## [Work to complete]
The answer is the line containing "Слева травка с" plus every line after it to the end of the material, retyped exactly and without the pictures.

== Collected data

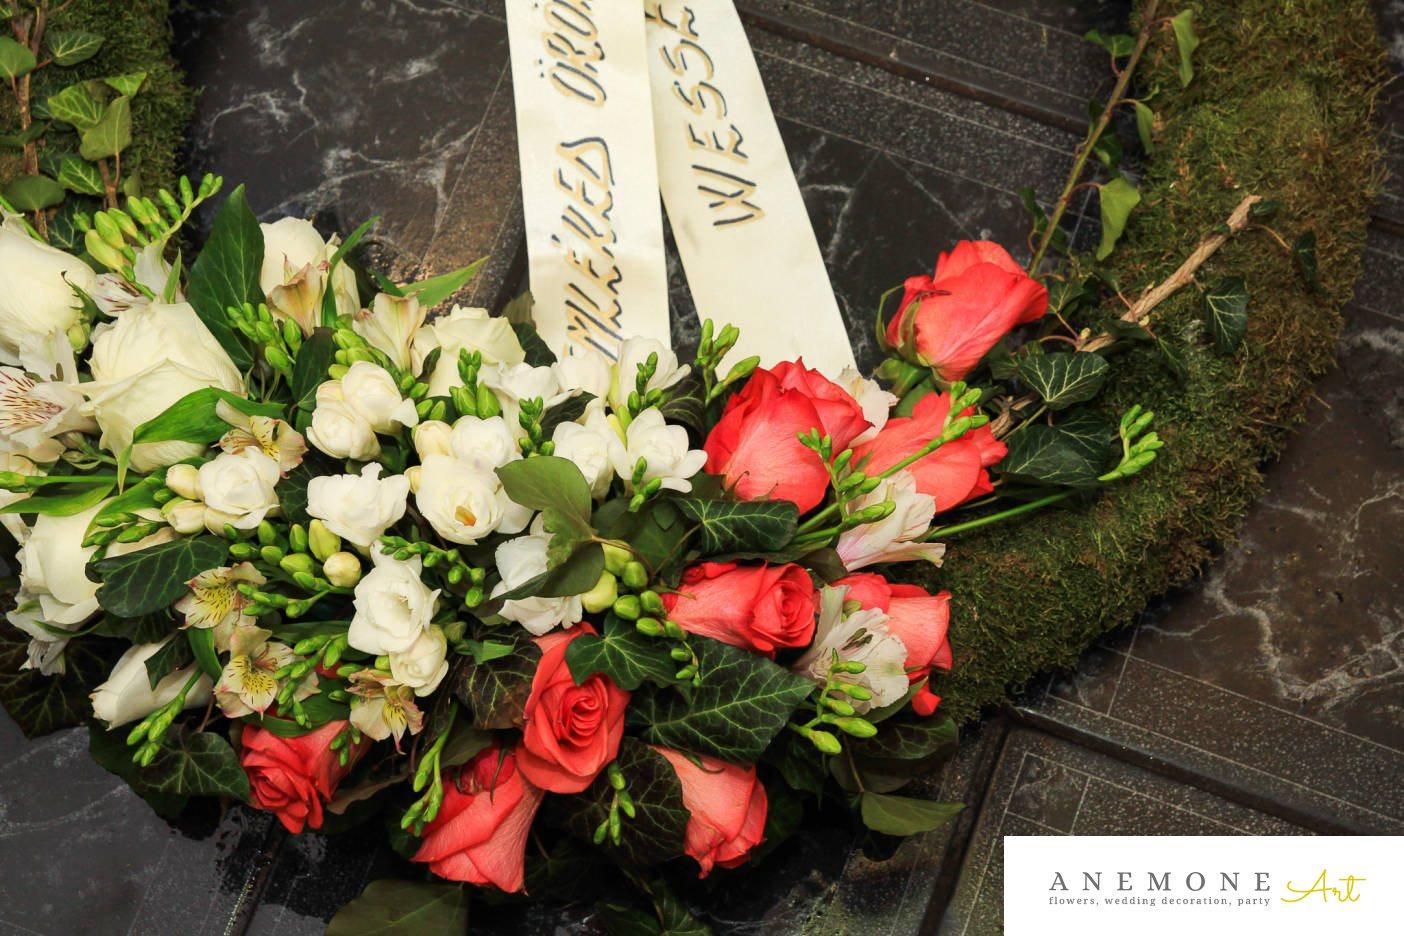 Poza, foto cu Flori de nunta alstroemeria, coroana funerara, frezii, lisianthus, muschi, rotund, trandafiri in Arad, Timisoara, Oradea (wedding flowers, bouquets) nunta Arad, Timisoara, Oradea
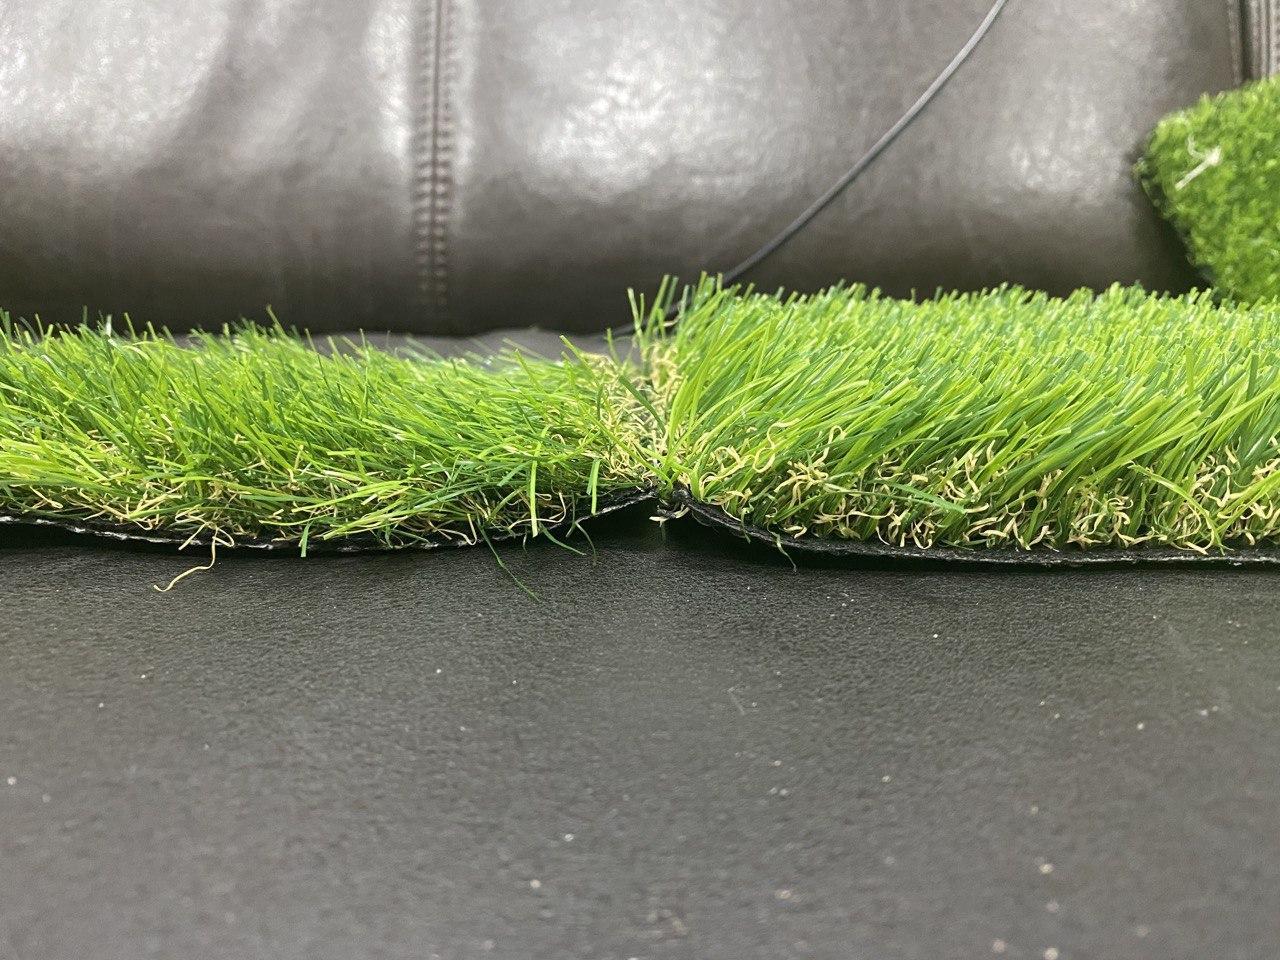 Слева травка с менее густым (частым) ворсом, но высота ворса у обоих 35 мм.
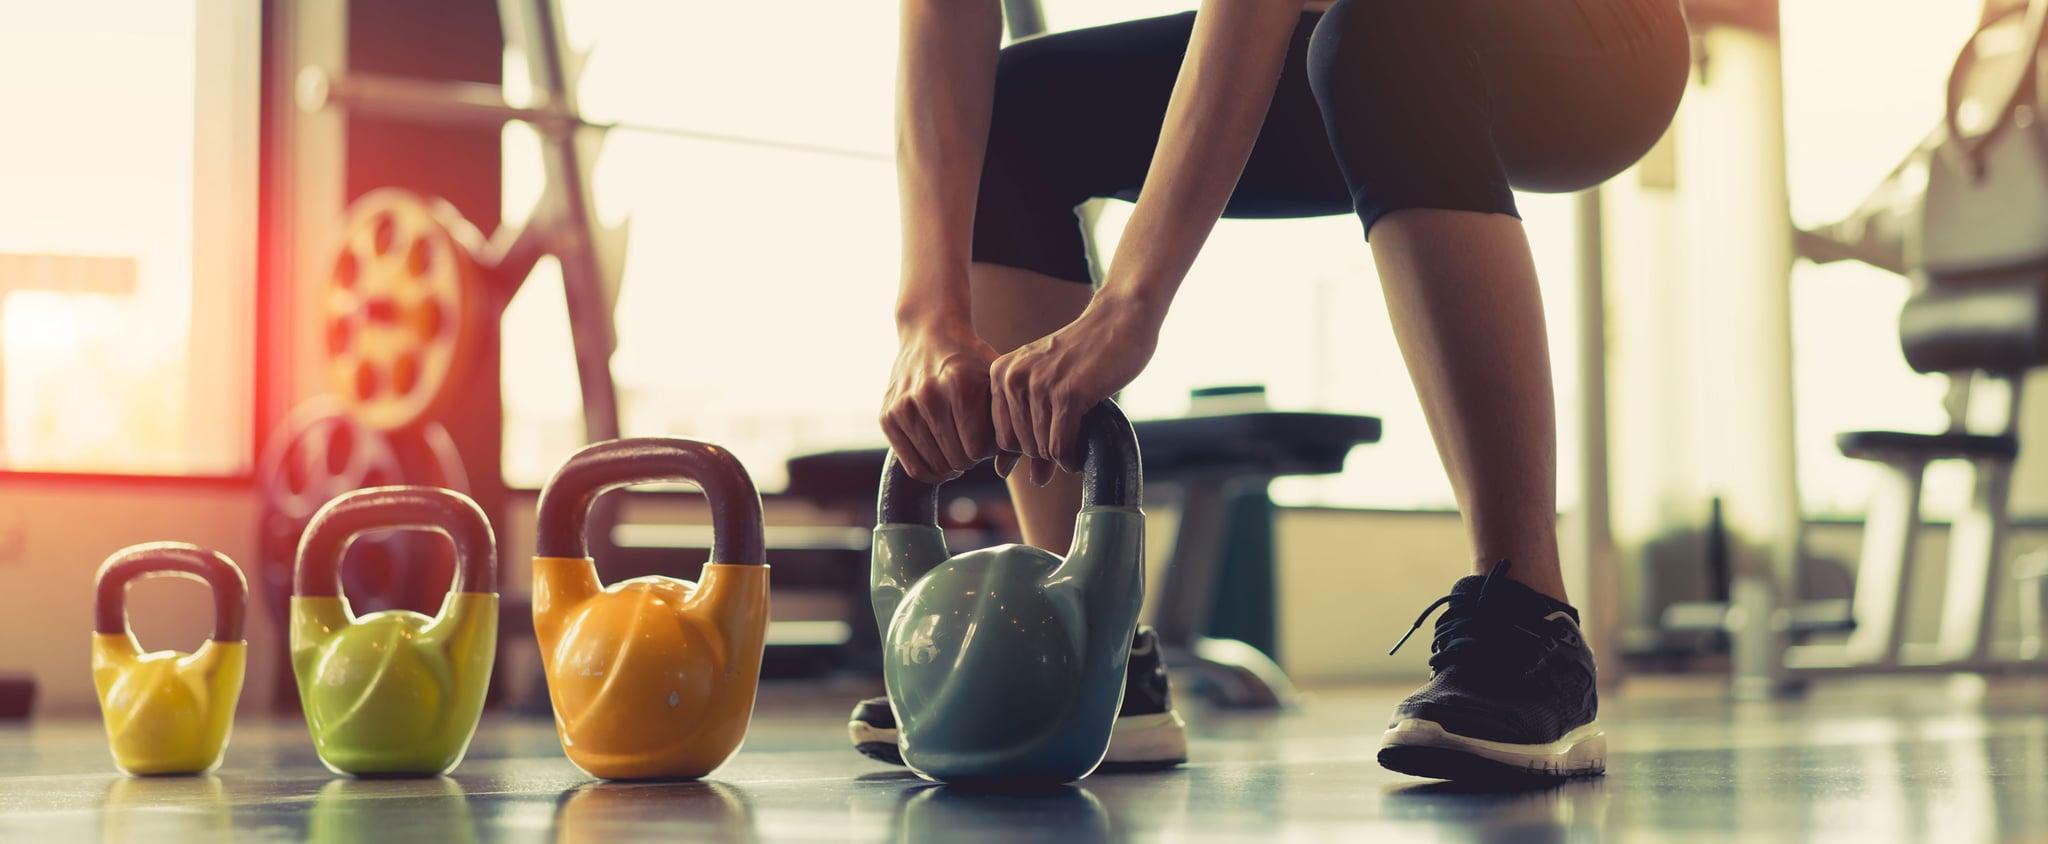 Best Full-Body Exercises For Fat Loss

====

## [Solution below]
 Слева травка с менее густым (частым) ворсом, но высота ворса у обоих 35 мм.
 Best Full-Body Exercises For Fat Loss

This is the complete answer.